- **DATA SECTION**:

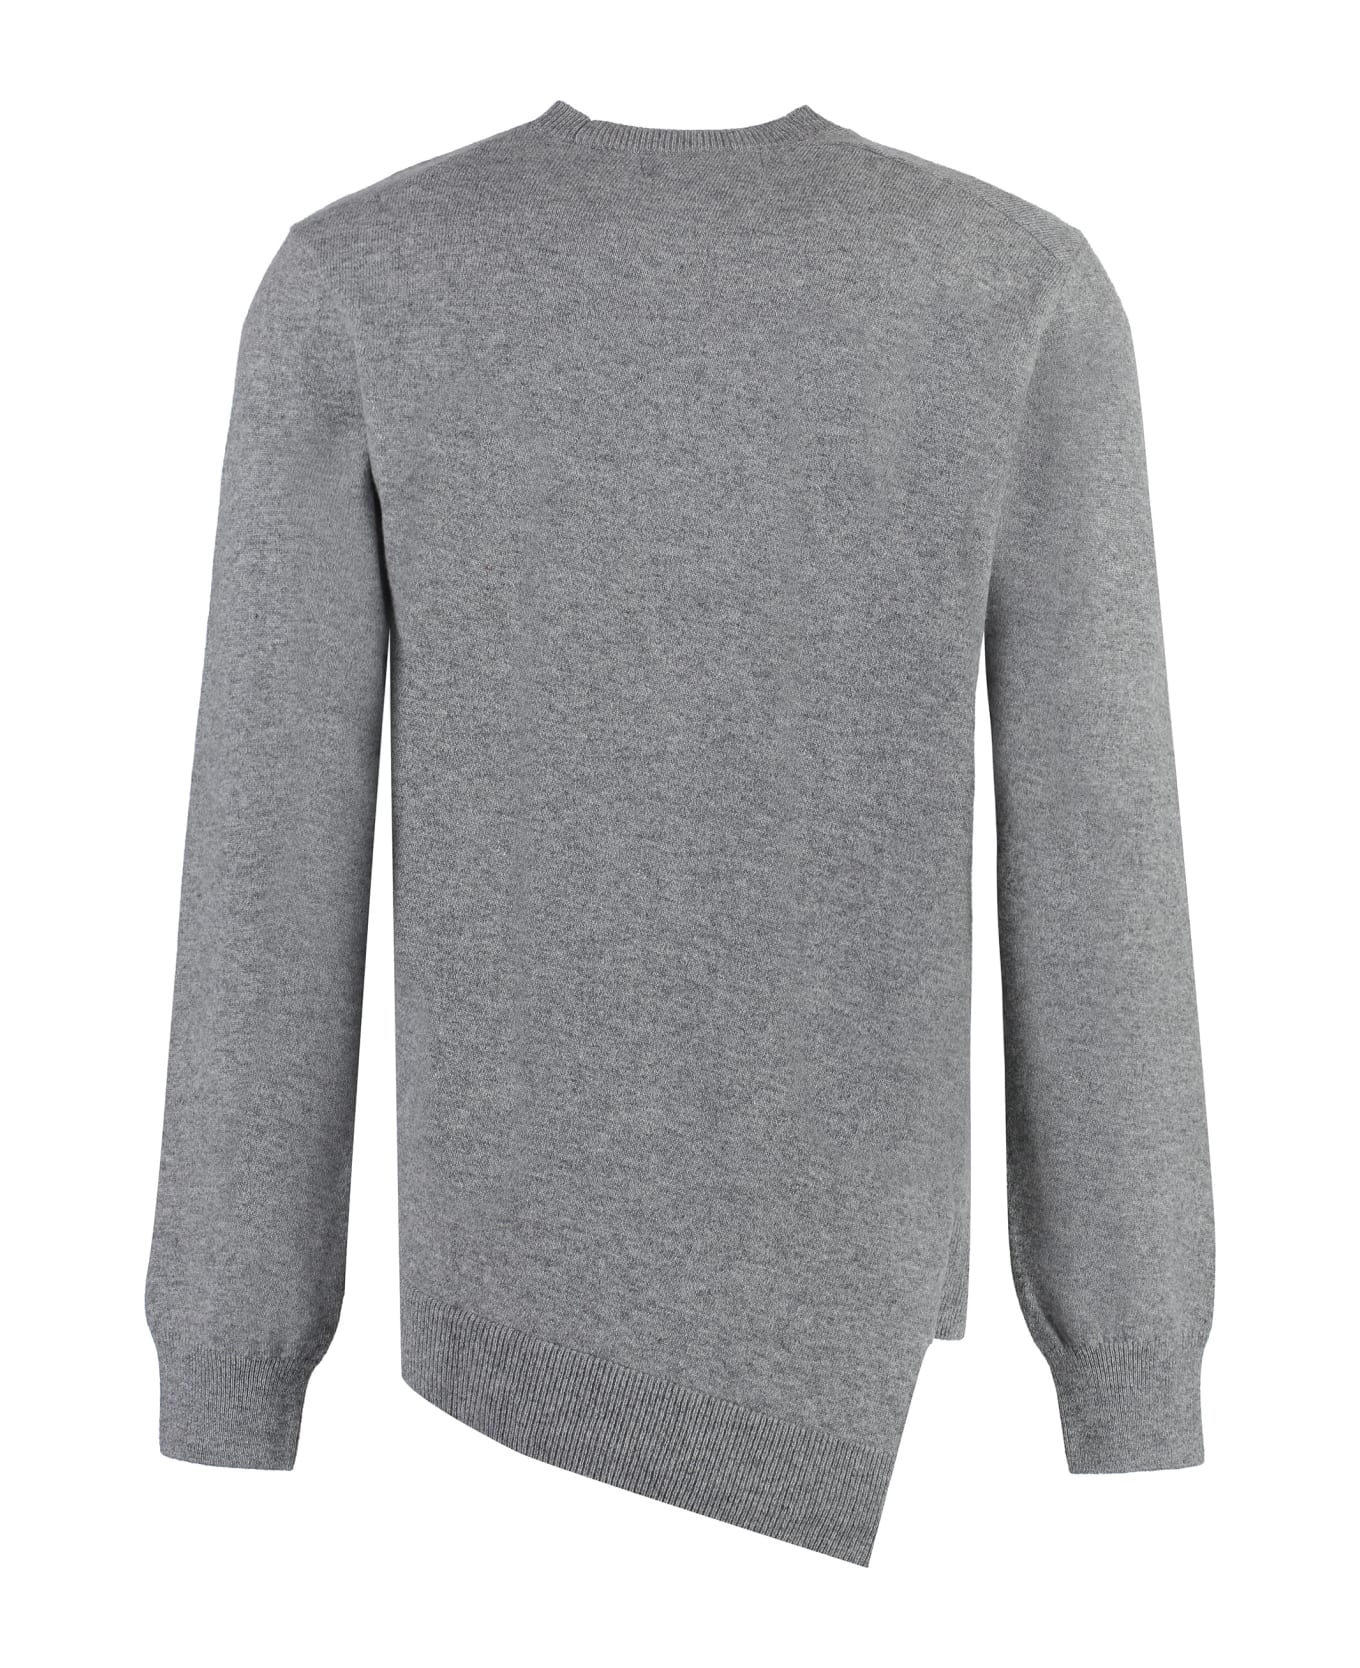 Comme des Garçons Shirt Lacoste X Comme Des Garçons - Crew-neck Wool Sweater - grey
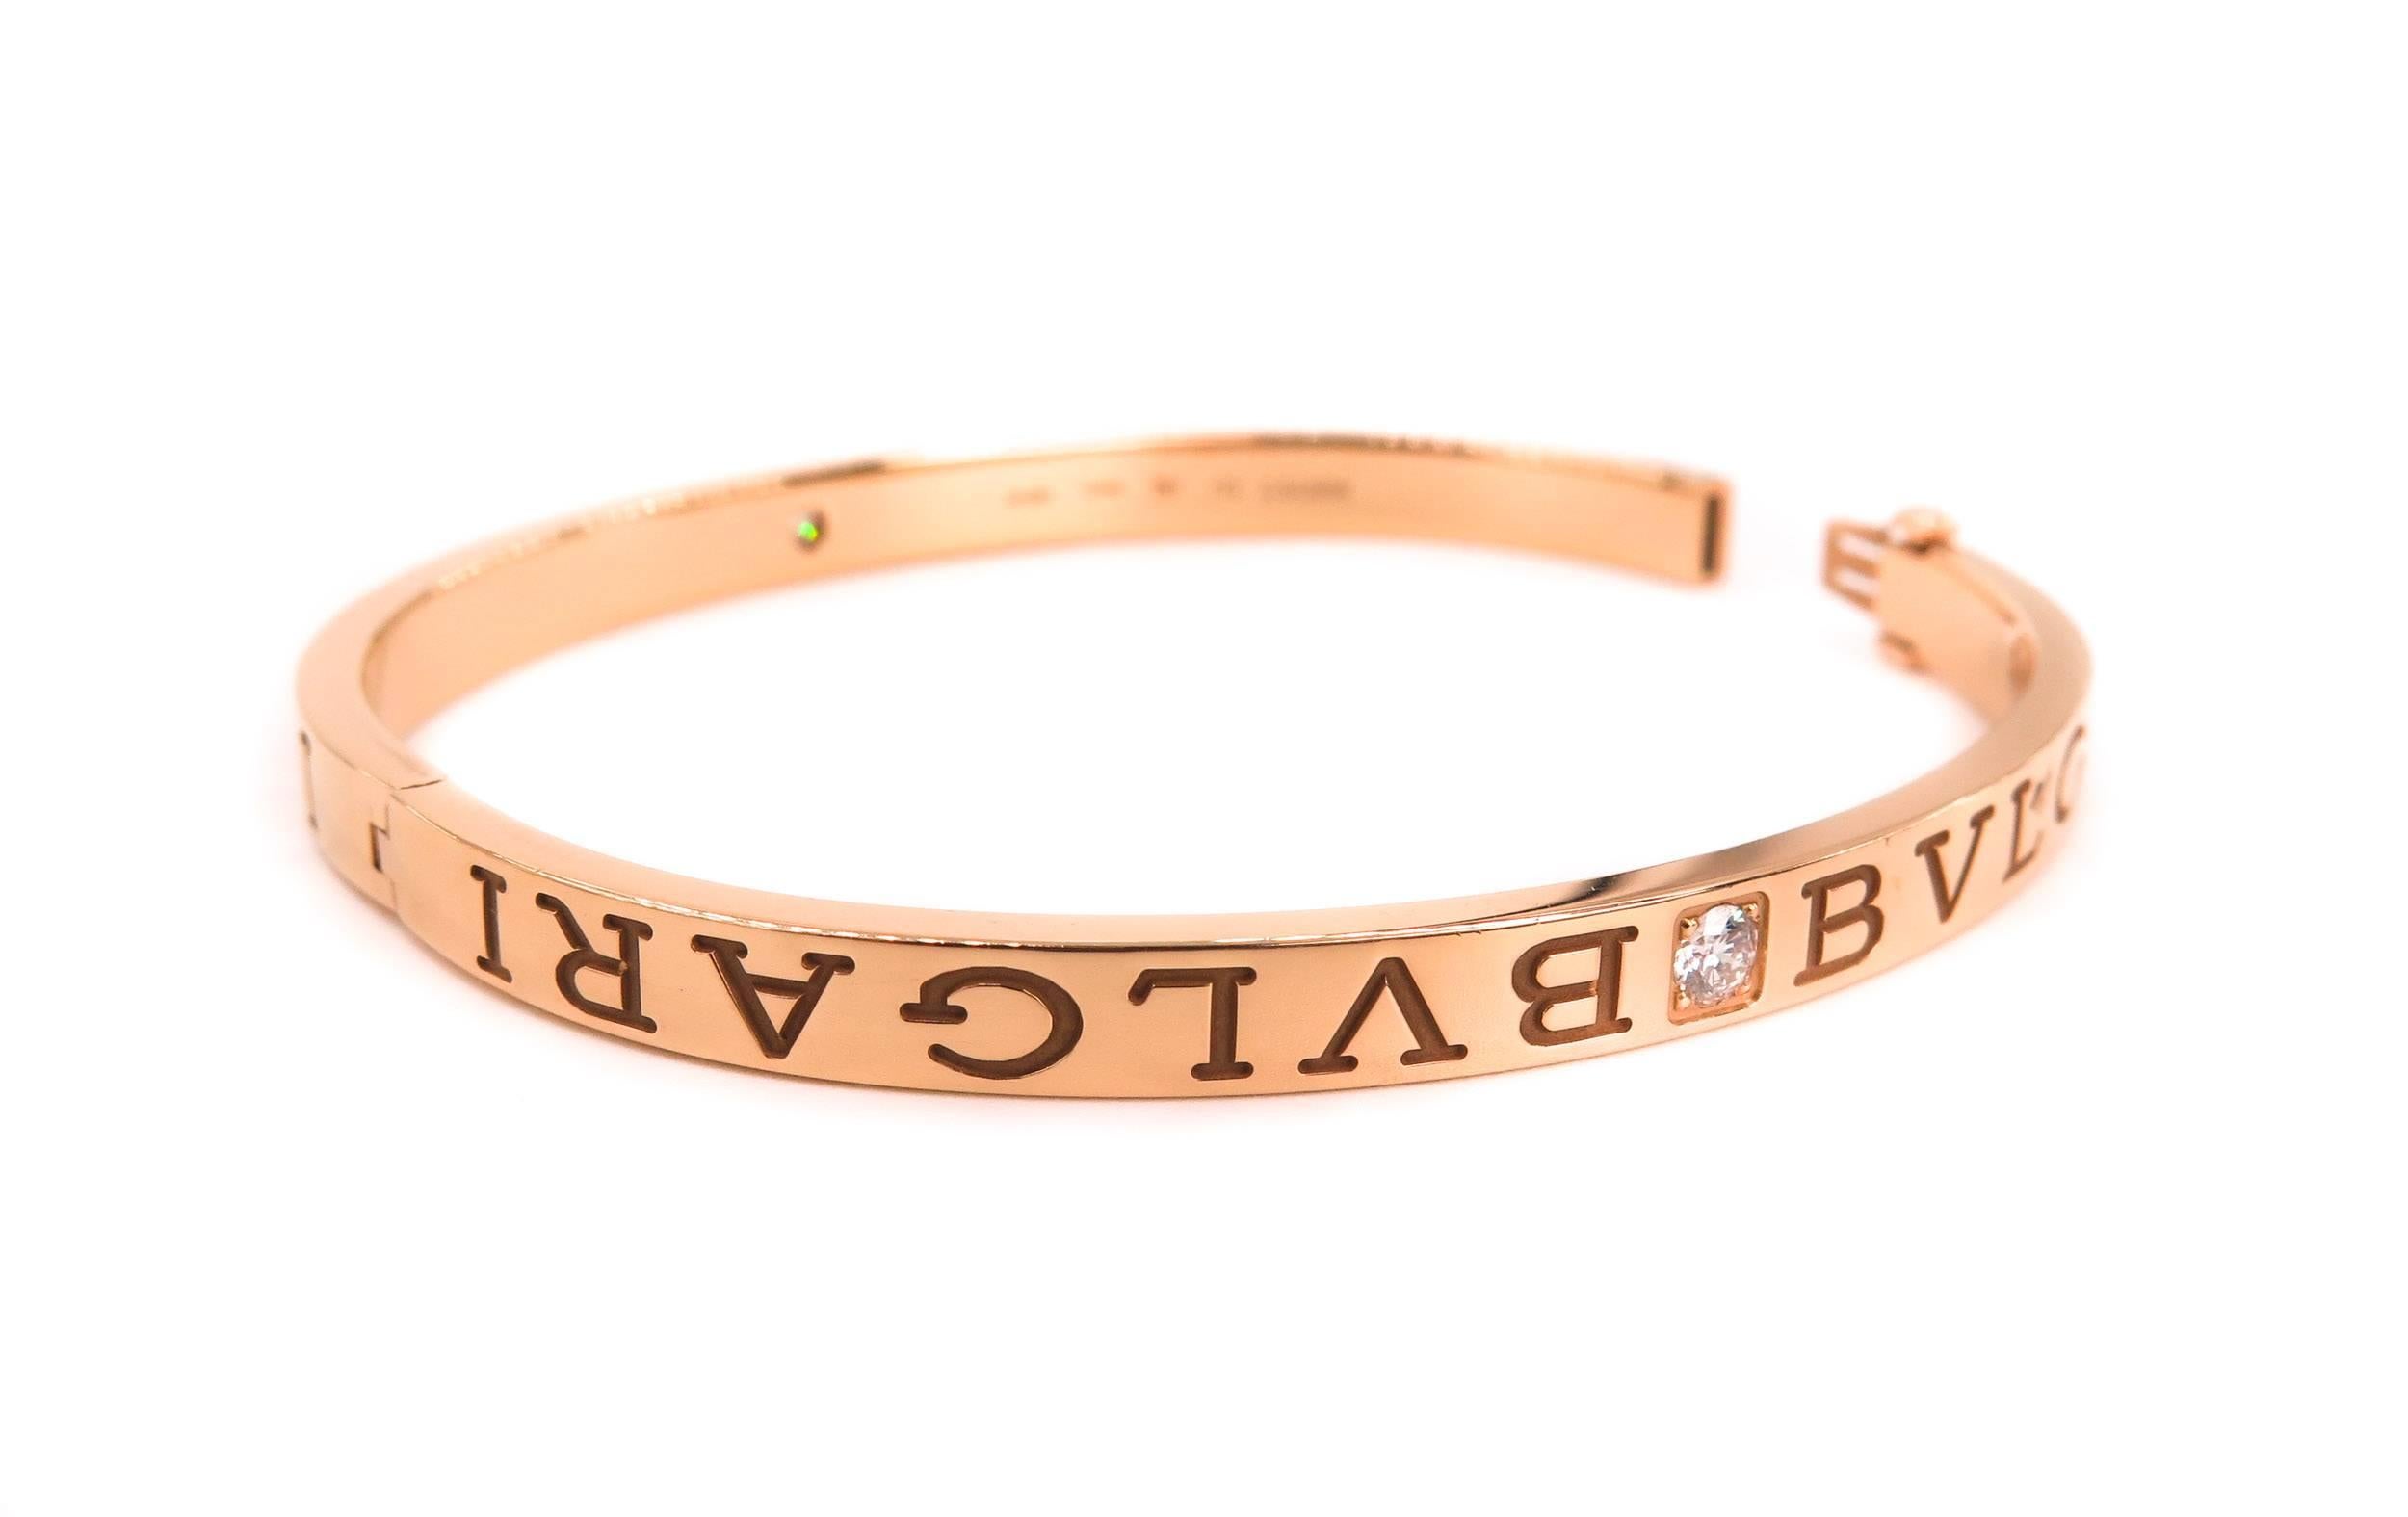 bvlgari rose gold bracelet
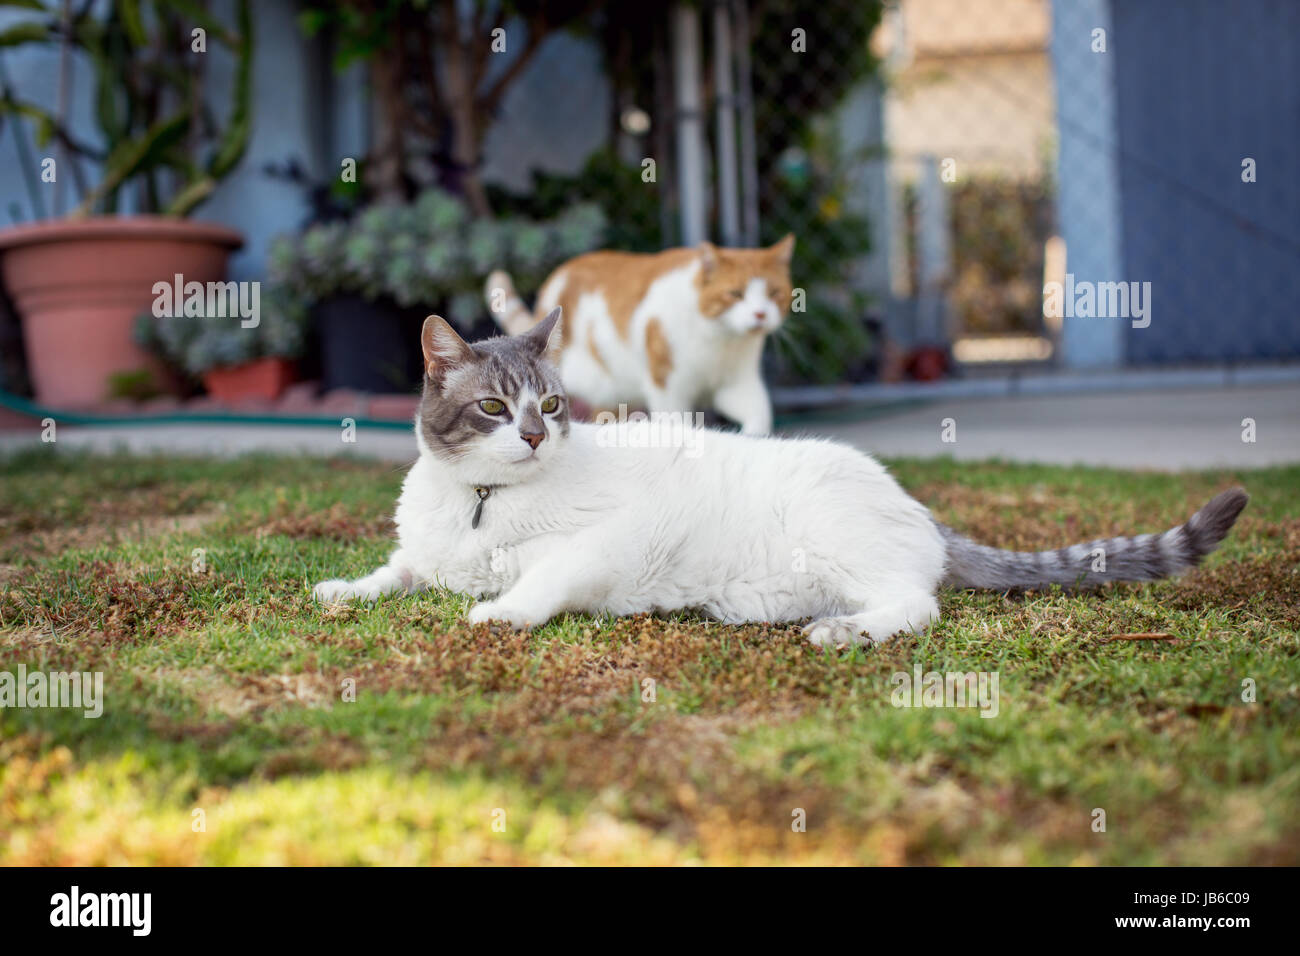 Weiße Katze Faulenzen am Rasen im Vorgarten während einer orange Katze schlendert vorbei in den Hintergrund. Stockfoto
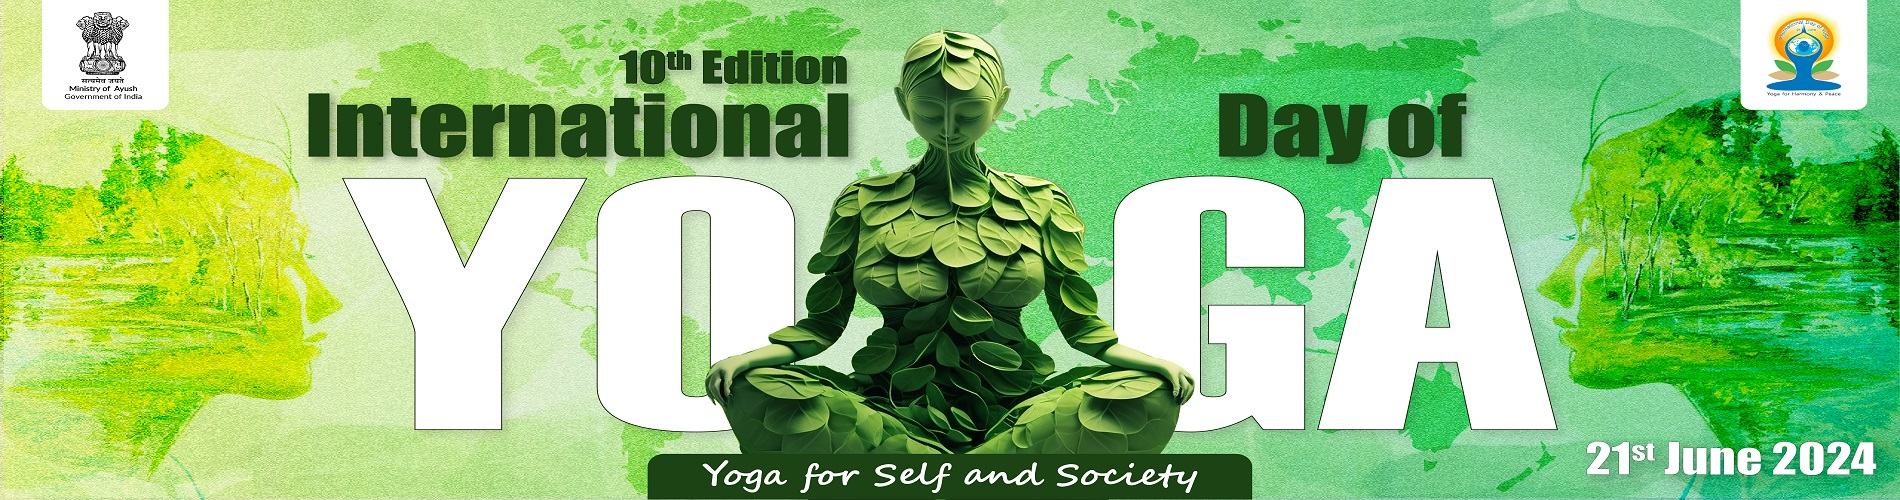 10th Edition International Yoga Day

- **TASK**:
Without the pictures, copy the material exactly as given.

- **RESPONSE TO THE TASK**:
 Comme des Garçons Shirt Lacoste X Comme Des Garçons - Crew-neck Wool Sweater - grey
 bvlgari rose gold bracelet
 Weiße Katze Faulenzen am Rasen im Vorgarten während einer orange Katze schlendert vorbei in den Hintergrund. Stockfoto
 10th Edition International Yoga Day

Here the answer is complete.